Here’s a fun fact: women are more likely to be nominated – and win – an American Academy Award as Best Director of an animated feature than helming a live action film. Marjane Sartrapi, Jennifer Yuh Nelson and, most recently Nora Twomey have been nominated. Brenda Chapman and Jennifer Lee won in successive years for Brave and Frozen respectively. Significantly, Sartrapi, Nelson and Chapman have subsequently made – or are making – the transition to live action films.

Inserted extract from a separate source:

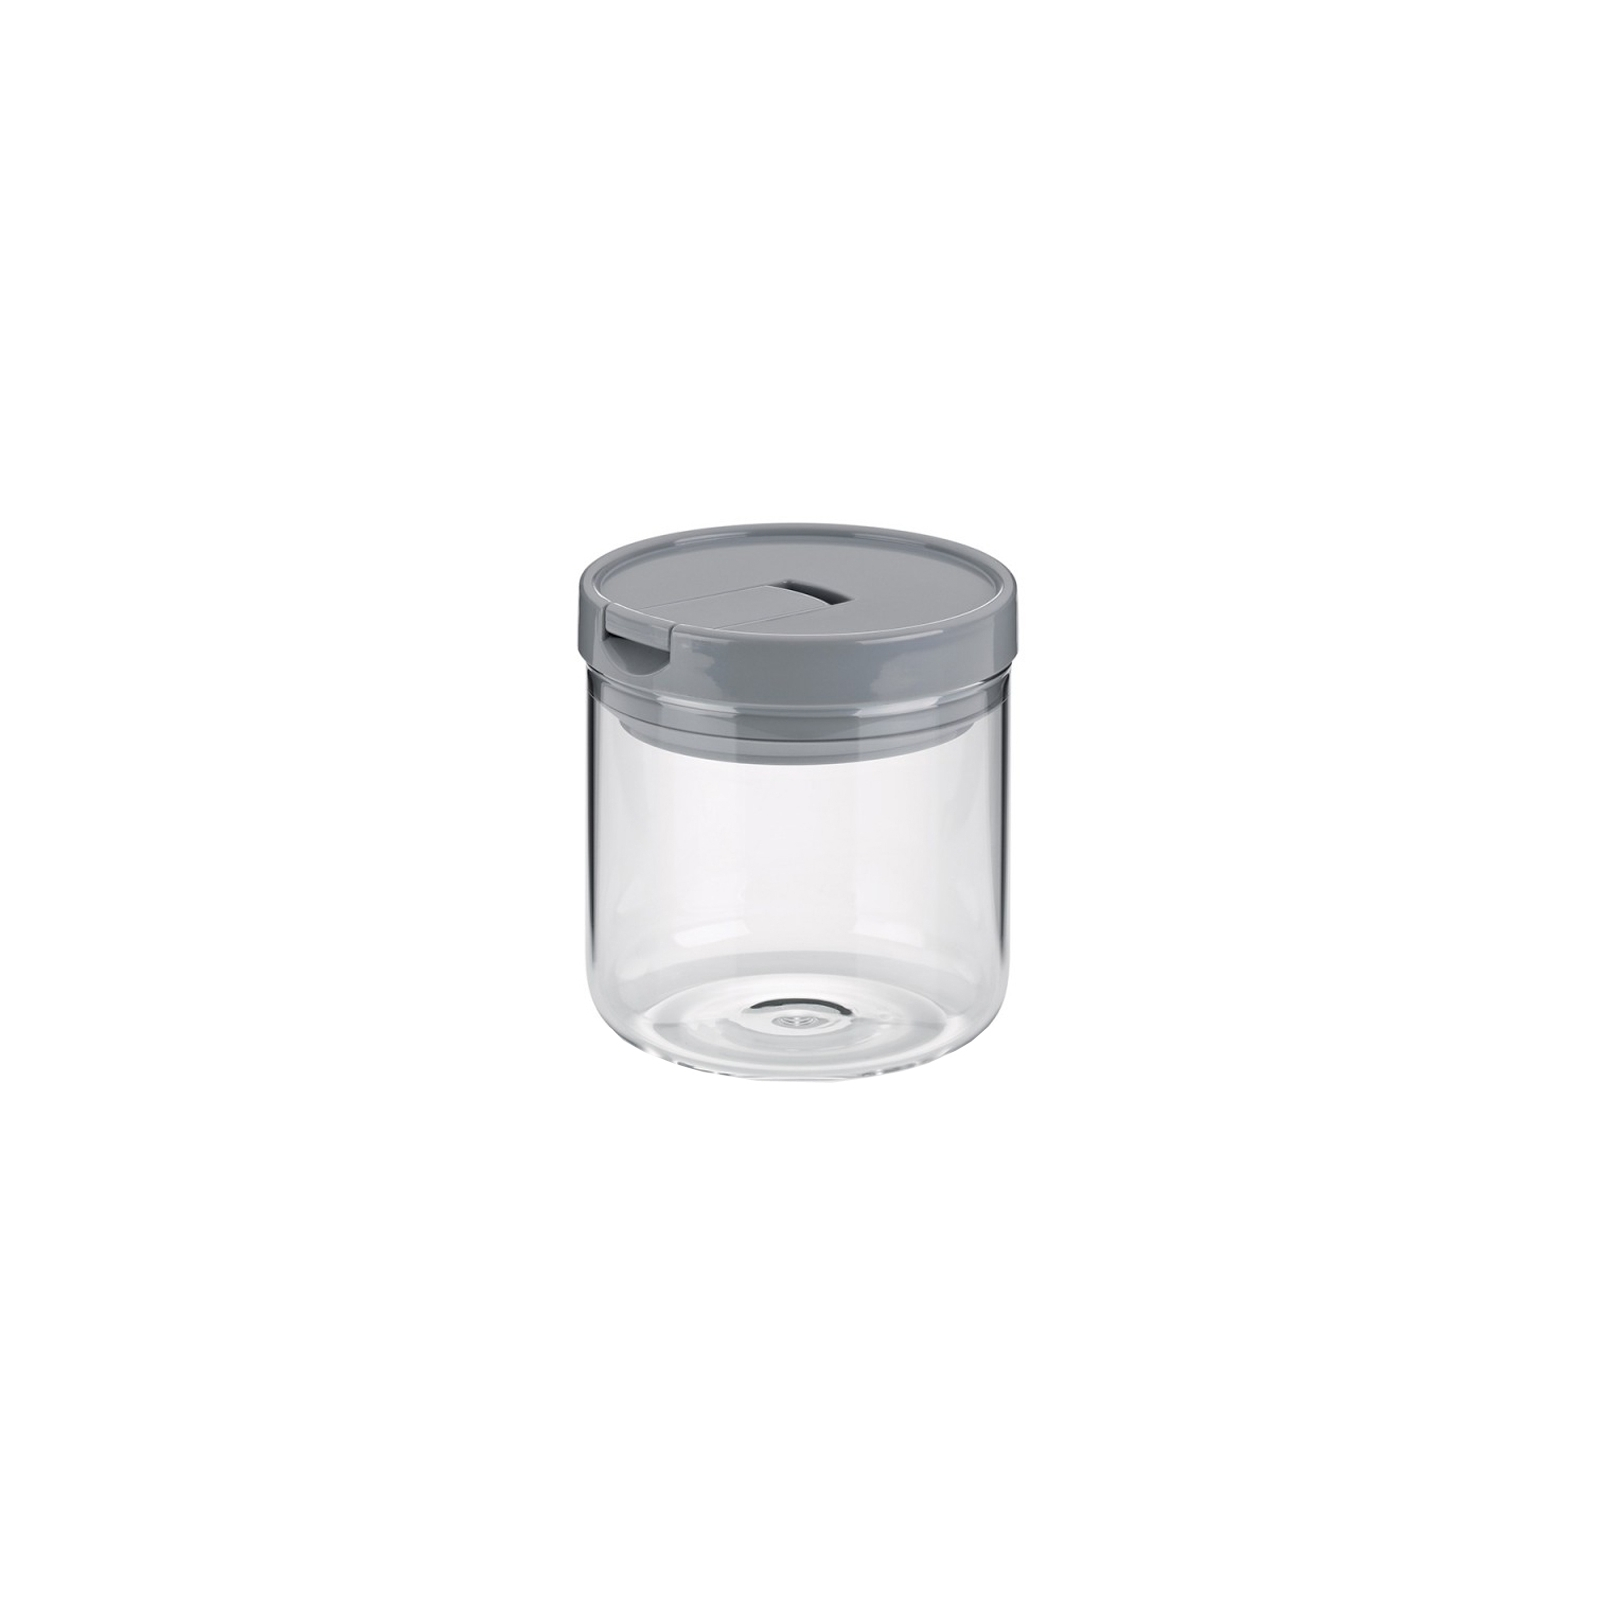 Емкость для сыпучих продуктов Kela Arik White 0,6 л 10,5х11 см (12104)

The route to directing animation can be straight forward. You start as ‘head of story’ as Brenda Chapman did and then convince a producer that you can shepherd a film to completion. Nora Twomey’s route was different. She co-directed (with Tomm Moore) The Secret of Kells and then spent four years to bring her animated film version of Deborah Ellis’ novel, The Breadwinner, to the screen. The film, from Kilkenny’s Cartoon Saloon, is quite literally a labour of love. It is about the love that an eleven year-old girl, Parvana (voiced by Saara Chaudry) has for her father, who is arrested by the Taliban in Afghanistan in 2001.

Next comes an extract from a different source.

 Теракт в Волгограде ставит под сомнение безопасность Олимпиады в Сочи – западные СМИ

Unable to be served in shops under the Taliban’s strict rules, the family of women (and one toddler boy) are destined to starve until Parvana cuts her hair, dresses in the clothes of her deceased older brother and pretends to be a boy, hoping to raise enough money to bribe a prison guard to see her father one last time.

Bacha posh

The novel, first published in 2000, is one of a trilogy – its sequels are Parvana’s Journey and Mud City. It contains such ghoulish details as Parvana raiding graves to sell the bones of the dead. The practice of turning a girl into a boy for purposes of survival is known (in Dari) as ‘bacha posh’ as described in Jenny Nordberg’s acclaimed 2014 non-fiction book, The Underground Girls of Kabul.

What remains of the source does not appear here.